Traditionally, users interact with software through application programming interfaces (APIs), which are crucial for communication between different software applications [12]. However, interacting with APIs often requires a deep understanding of their structure, parameters, and specific calls, posing a barrier for non-technical users or those unfamiliar with the underlying logic of APIs [13]. Integrating LLMs into API management workflows presents an opportunity to interact with APIs through simple, natural language inputs, opening up new possibilities for users with varying technical levels and needs [14, 15].
However, deploying LLMs for API management involves several challenges, primarily related to ensuring that the models can accurately interpret and classify natural language inputs into the correct API calls. Given the diverse structures of APIs and the variability of user inputs based on context, developing a reliable system to evaluate the performance of LLMs across different use cases is crucial. To address these challenges, we propose a novel system that integrates LLMs with two core functionalities. First, it utilizes LLMs to interpret and classify natural language inputs, accurately mapping them to the corresponding API calls. The second component involves using LLMs to automatically generate sample datasets for specific API functionalities, which is essential for systematically evaluating the performance of LLMs in various API classification tasks. Unlike traditional methods, our framework offers a scalable and replicable solution, ensuring that API workflows can be comprehensively tested with high accuracy and relevance to real-world applications.

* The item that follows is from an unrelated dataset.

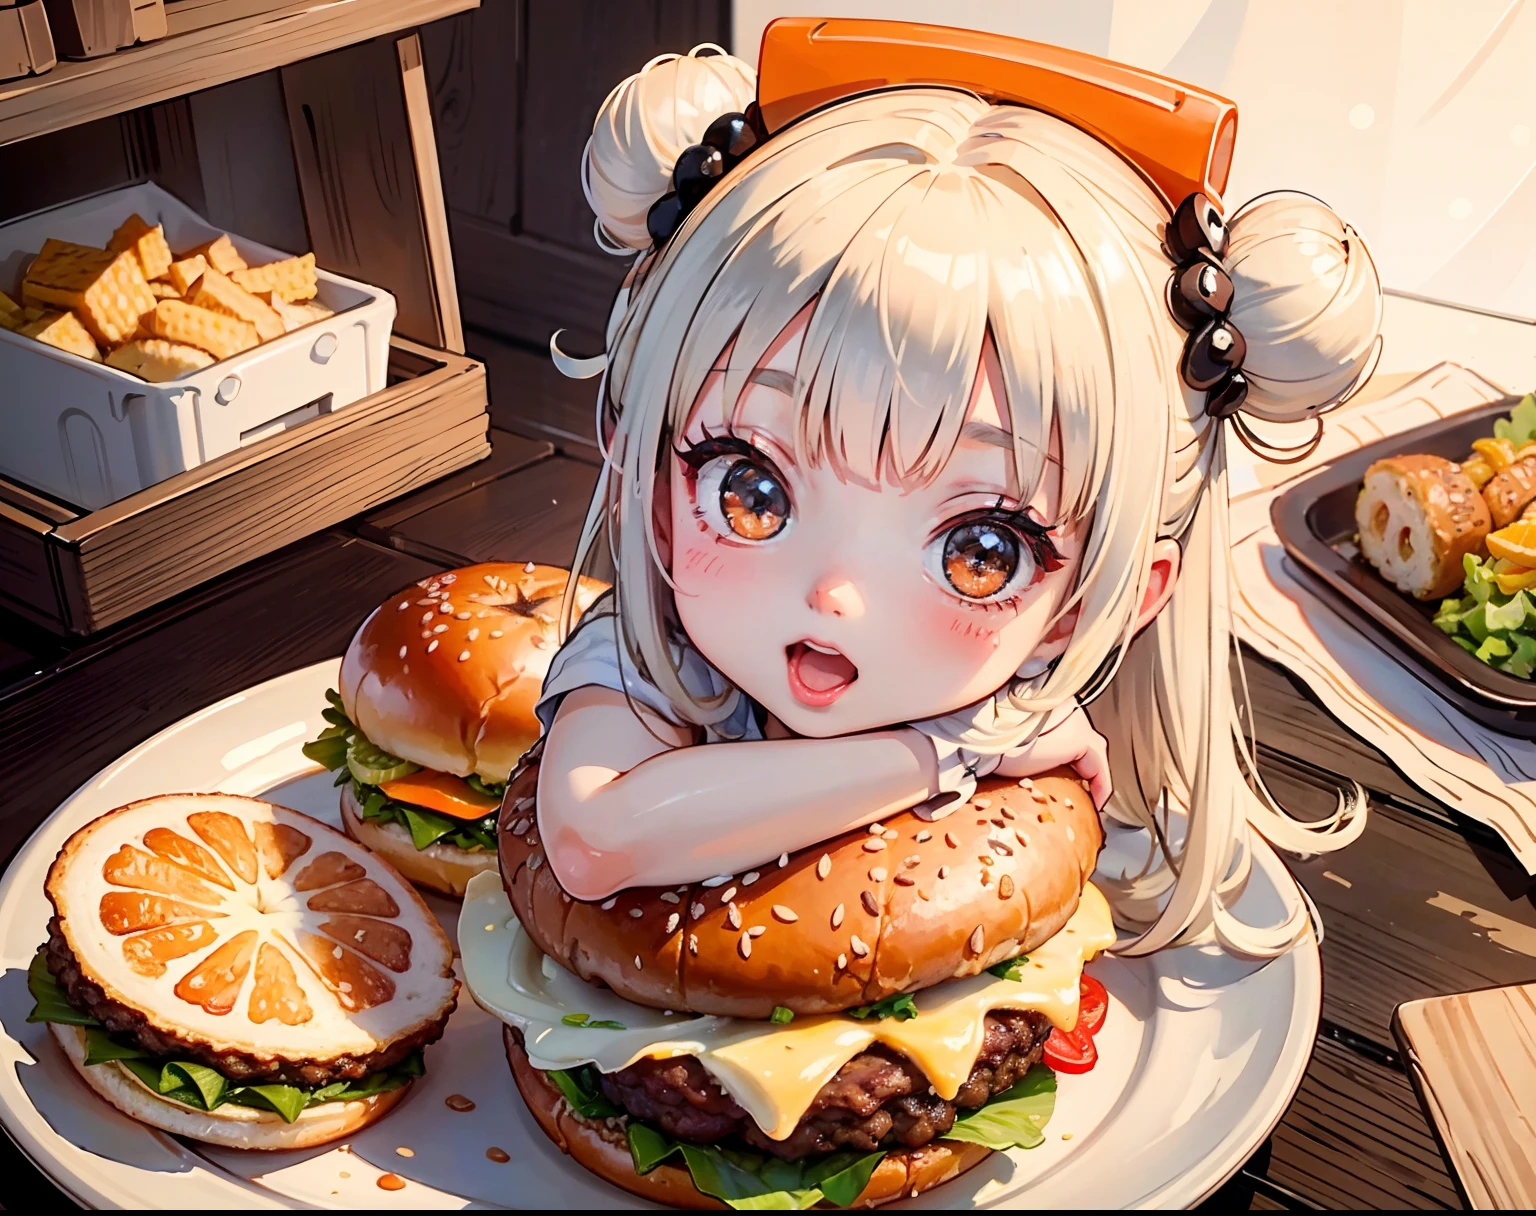 An ultra-realistic and mouthwatering hamburger 傑作, パンの中に小さな女の子が隠れている, ハンバーガーのジューシーな食感を披露, 柔らかなオレンジ色の光, 傑作, 高品質, KFC, vi50

We conducted extensive experiments on various API functionalities using invocation commands and evaluated the classification capabilities of several well-known LLMs, including GPT-4, GPT-4o-mini, Claude 3.5 Sonnet, GPT-4o (Aug '24), DeepSeek-V2-Chat, DeepSeek-V2.5, LLaMA-3-8B, and Gemini-1.5. The results revealed significant performance differences among the models, ranked from highest to lowest readiness as follows: Claude 3.5 Sonnet, GPT-4o (Aug '24), and GPT-4o-mini. These findings demonstrate the potential of LLMs in API classification, emphasizing the importance of carefully selecting models in different environments, and highlighting the effectiveness of our system as an efficient and practical modular API management tool.
Over the past decade, with the rapid development of machine learning, its applications have expanded across multiple fields, fundamentally transforming industries such as technology [16, 17], healthcare [18, 19, 20, 21, 22, 23], finance [24], and road construction [25]. These advancements not only address complex technical challenges but also provide simplified solutions that enhance user experience [26, 27, 28]. One of the most transformative breakthroughs has been the rise of natural language models. By leveraging deep learning techniques, natural language interfaces enable users to interact with complex systems through simple and intuitive commands [29, 30, 31, 32, 33], significantly lowering the barriers to traditional technical operations and making them accessible to non-expert users.
A notable application is in the field of data querying, where models can parse natural language queries and convert them into structured commands like SQL, allowing non-technical users to retrieve information from databases without needing to understand the underlying syntax [34]. In addition to data querying, LLMs have been integrated into DevOps automation, enabling users to initiate and manage complex workflows using simple commands. This integration simplifies tasks such as infrastructure configuration, deployment, and system monitoring, making traditionally complex areas of DevOps more accessible through a friendlier interaction model [35].
Similarly, the potential of LLMs is being explored for API interactions. Although existing models like Codex can generate code snippets, the field of API call retrieval remains underdeveloped [36]. The complexity of APIs, which often involves multiple protocols, data formats, and domain-specific parameters, presents unique challenges.
We had already implemented the construction, orchestration, and deployment of a multi-agent system before OpenAI released the Swarm [37] experimental framework. We have pushed it to a production level, and the system is defined as follows:
The API retrieval framework is an automated pipeline capable of efficiently handling user queries, ensuring that each query is correctly classified, passed to the corresponding API function, and the results are efficiently returned to the user. Its structured workflow can be divided into the following key stages:
The system first receives the user's natural language query. During the prompting process, the user's input is combined with predefined prompt instructions and then sent to the LLM. These instructions define the hierarchy of the API and establish specific output format rules, ensuring that the system's responses align with the structure and functional requirements of the API. The complexity of the input can range from simple questions to more complex commands. The flexibility of LLMs allows the system to interpret and handle a wide range of user inputs, even when the input phrasing is ambiguous.
Once the query is received, the integrated LLM maps it to the corresponding API functionality. Specifically, the LLM processes the query and returns a label that classifies it according to the predefined API hierarchy. At the same time, relevant keywords required for the input parameters of the API functionality are retrieved. This label determines the API module and specific functionality needed to fulfill the user's request. To ensure efficient processing among available resources, a load balancer is employed to distribute incoming queries.
After the label is returned, the API identifier requests the server to obtain the routing for rendering the API functionality. This step involves dynamically mapping the keywords extracted from the query to the input parameters required by the API functionality. For example, in the case of the Coingecko API, the API call is then executed to retrieve the corresponding JSON feedback data.
Once the API call has been processed, the results are returned in a user-readable format. This step includes error handling. If any issues arise during the API execution, such as invalid parameters or API call failures, the system provides relevant feedback to the user. Additionally, a search history feature allows users to view past queries, adding a layer of functionality for repeated interactions.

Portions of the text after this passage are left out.